_PROVIDED MATERIAL_:
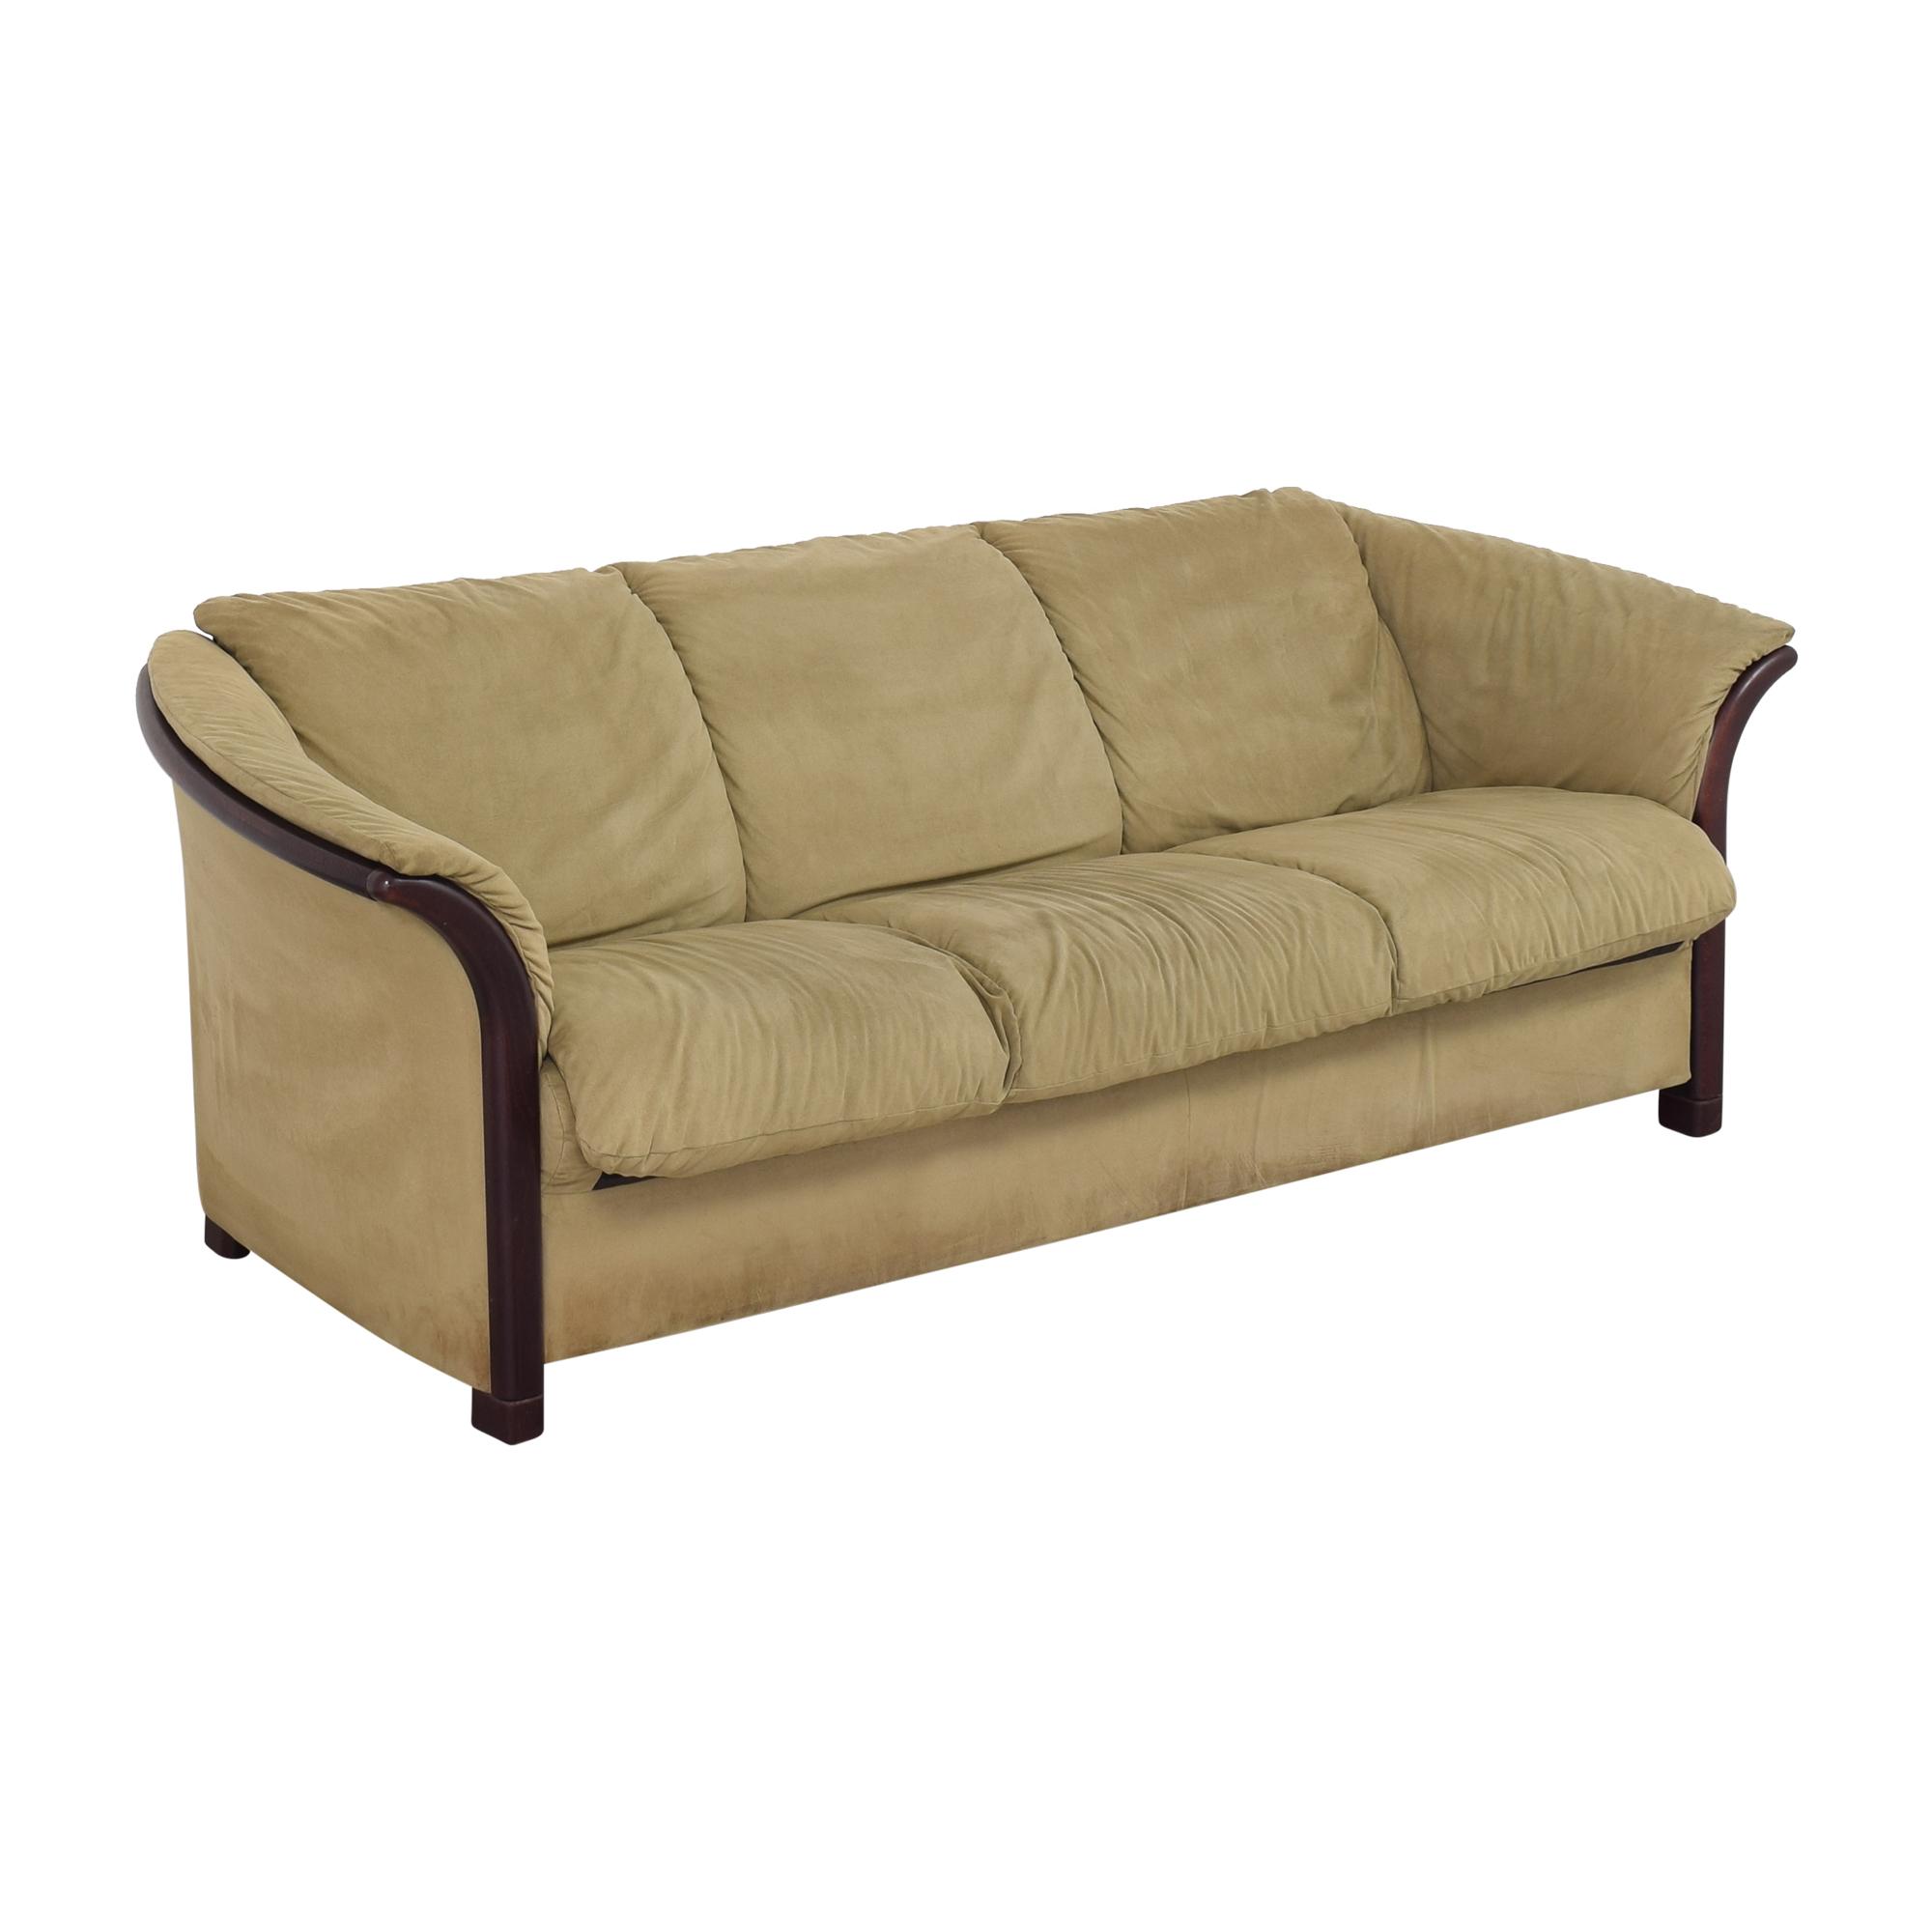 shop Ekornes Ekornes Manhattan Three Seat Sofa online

* * *

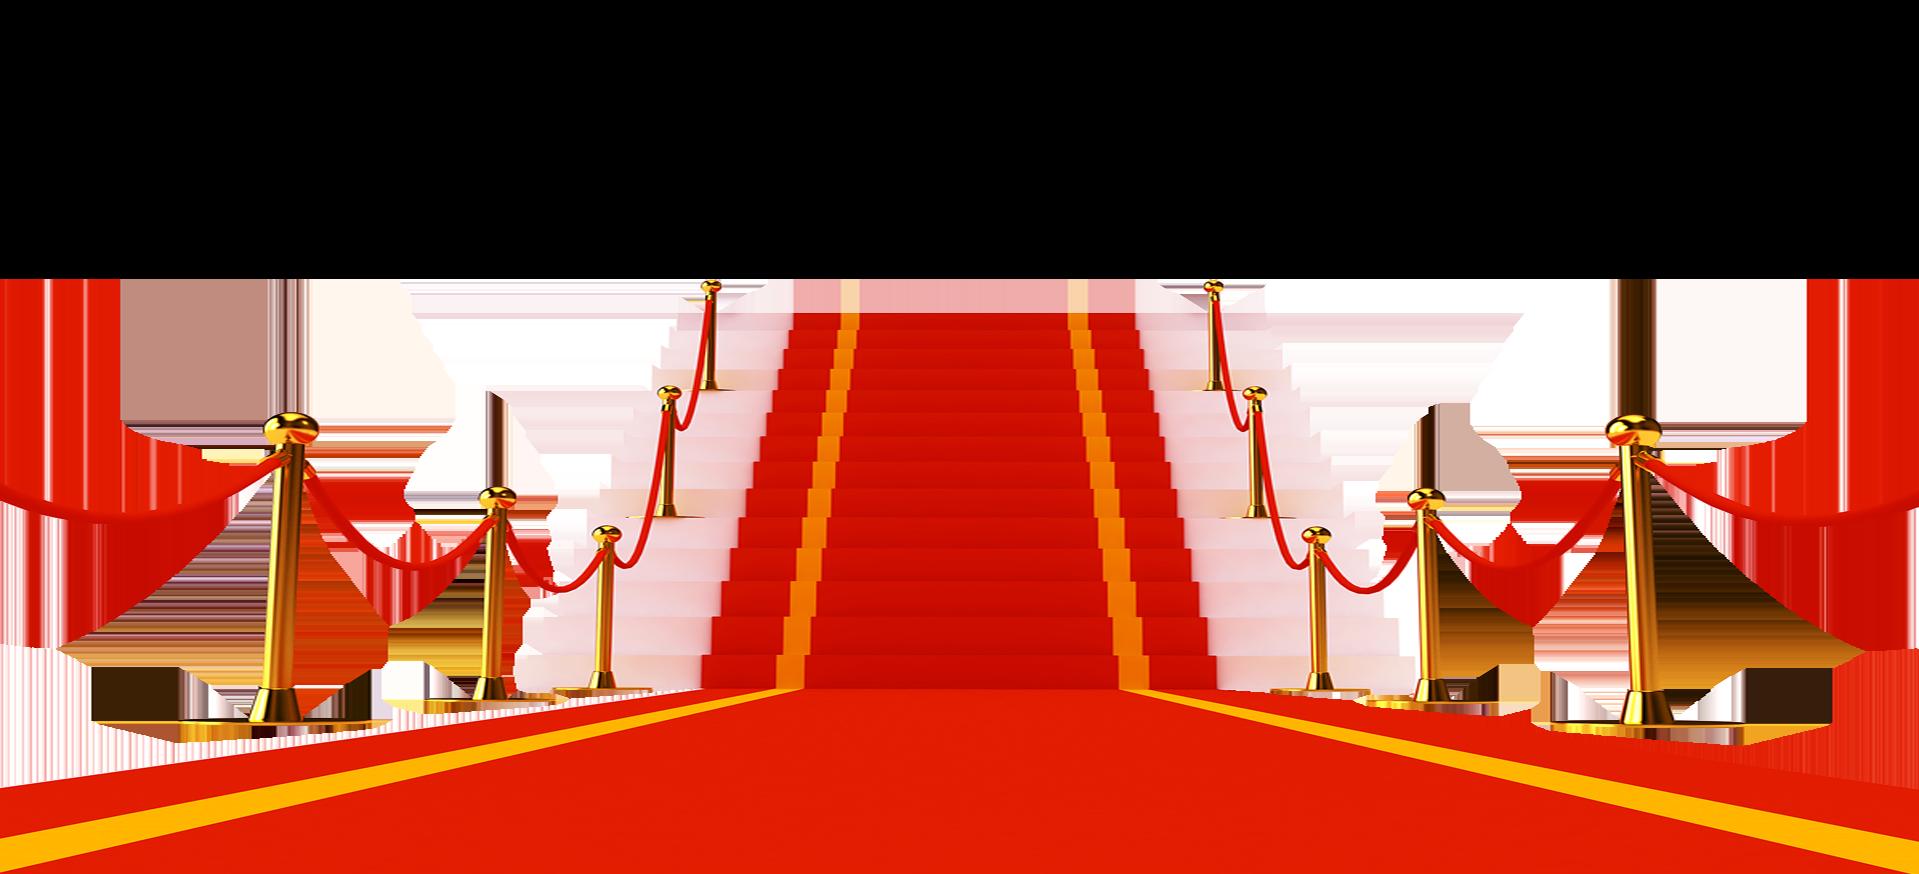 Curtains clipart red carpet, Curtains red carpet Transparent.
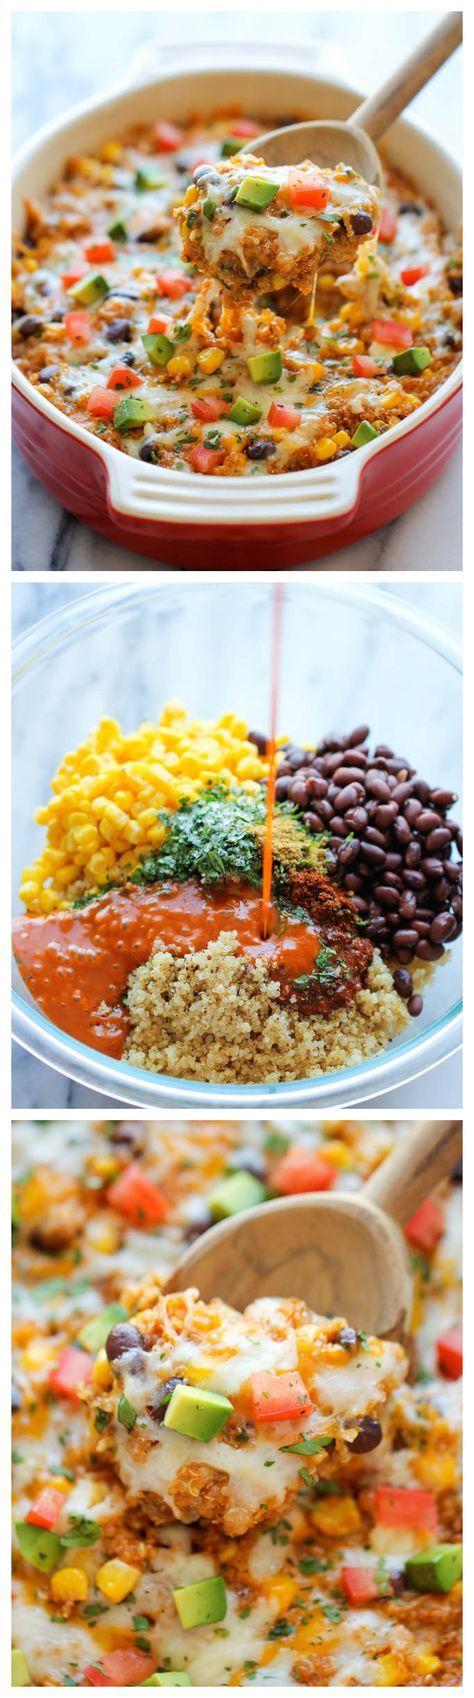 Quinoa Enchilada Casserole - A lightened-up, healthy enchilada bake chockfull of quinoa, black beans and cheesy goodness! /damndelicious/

---

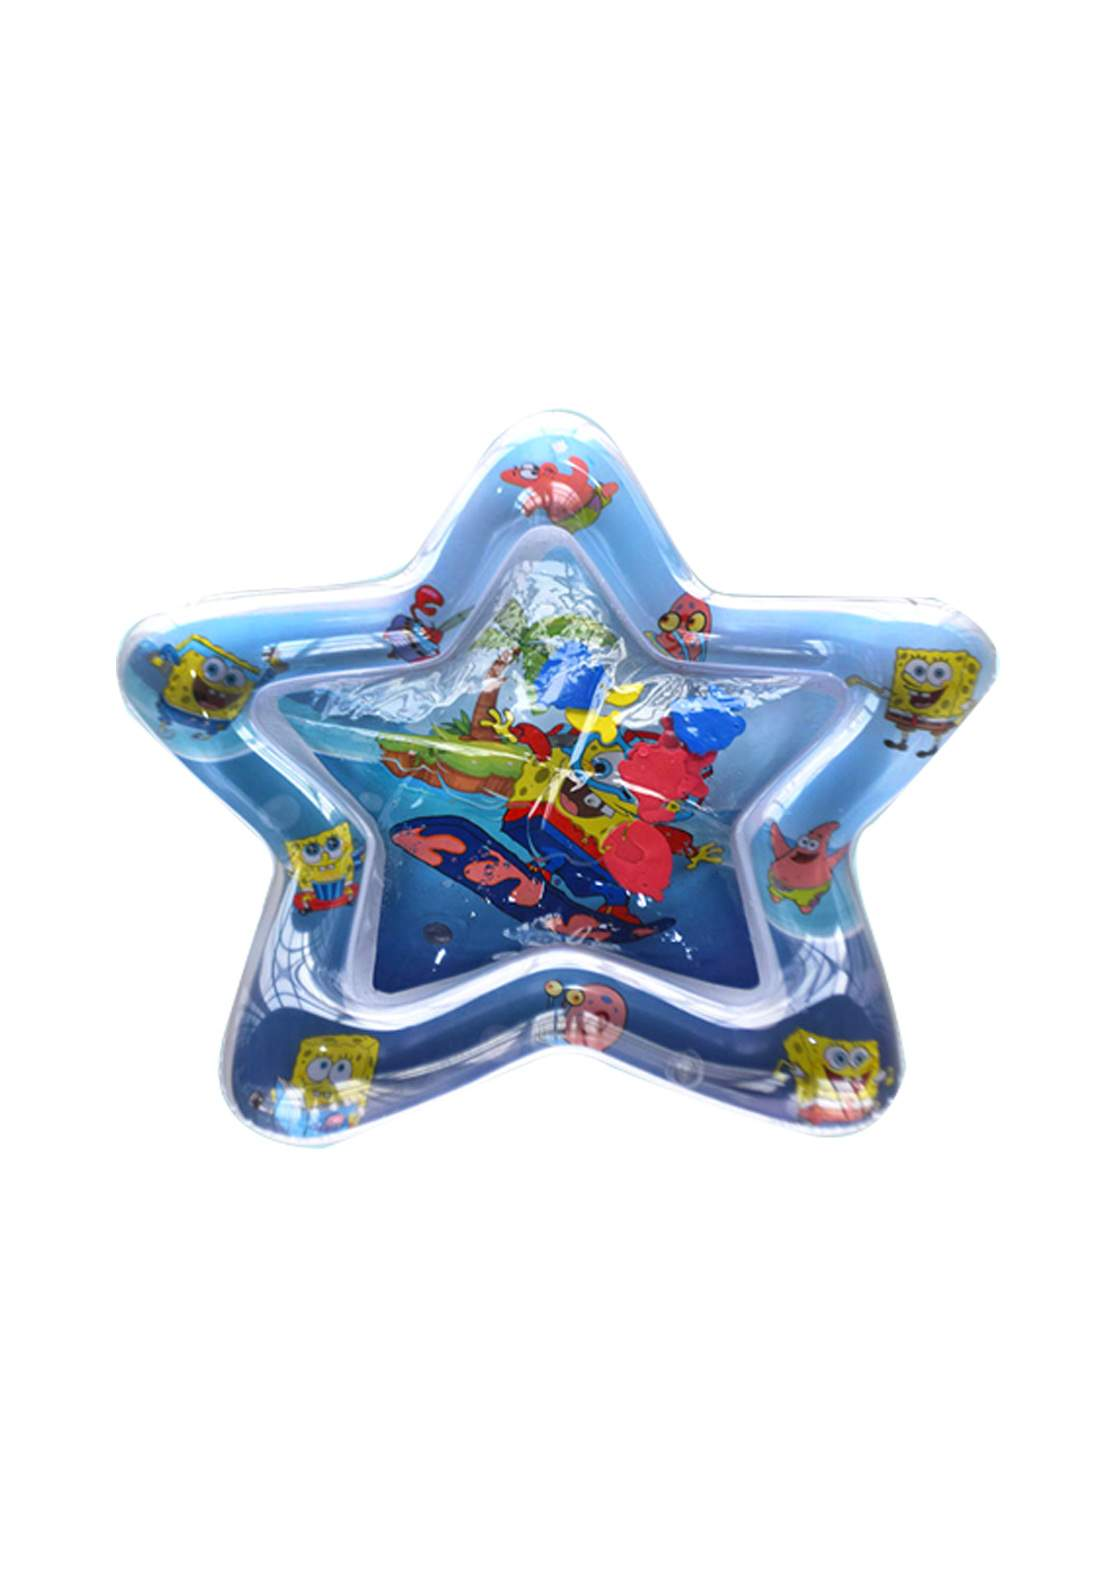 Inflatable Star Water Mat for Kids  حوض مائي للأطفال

_ASSIGNED TASK_: Copy exactly the part of the material above that opens with the line containing "Curtains clipart red" and closes with the line containing "Quinoa Enchilada Casserole", ends included. Drop the images.

_ANSWER TO THIS EXERCISE_:
 Curtains clipart red carpet, Curtains red carpet Transparent.
 Quinoa Enchilada Casserole - A lightened-up, healthy enchilada bake chockfull of quinoa, black beans and cheesy goodness! /damndelicious/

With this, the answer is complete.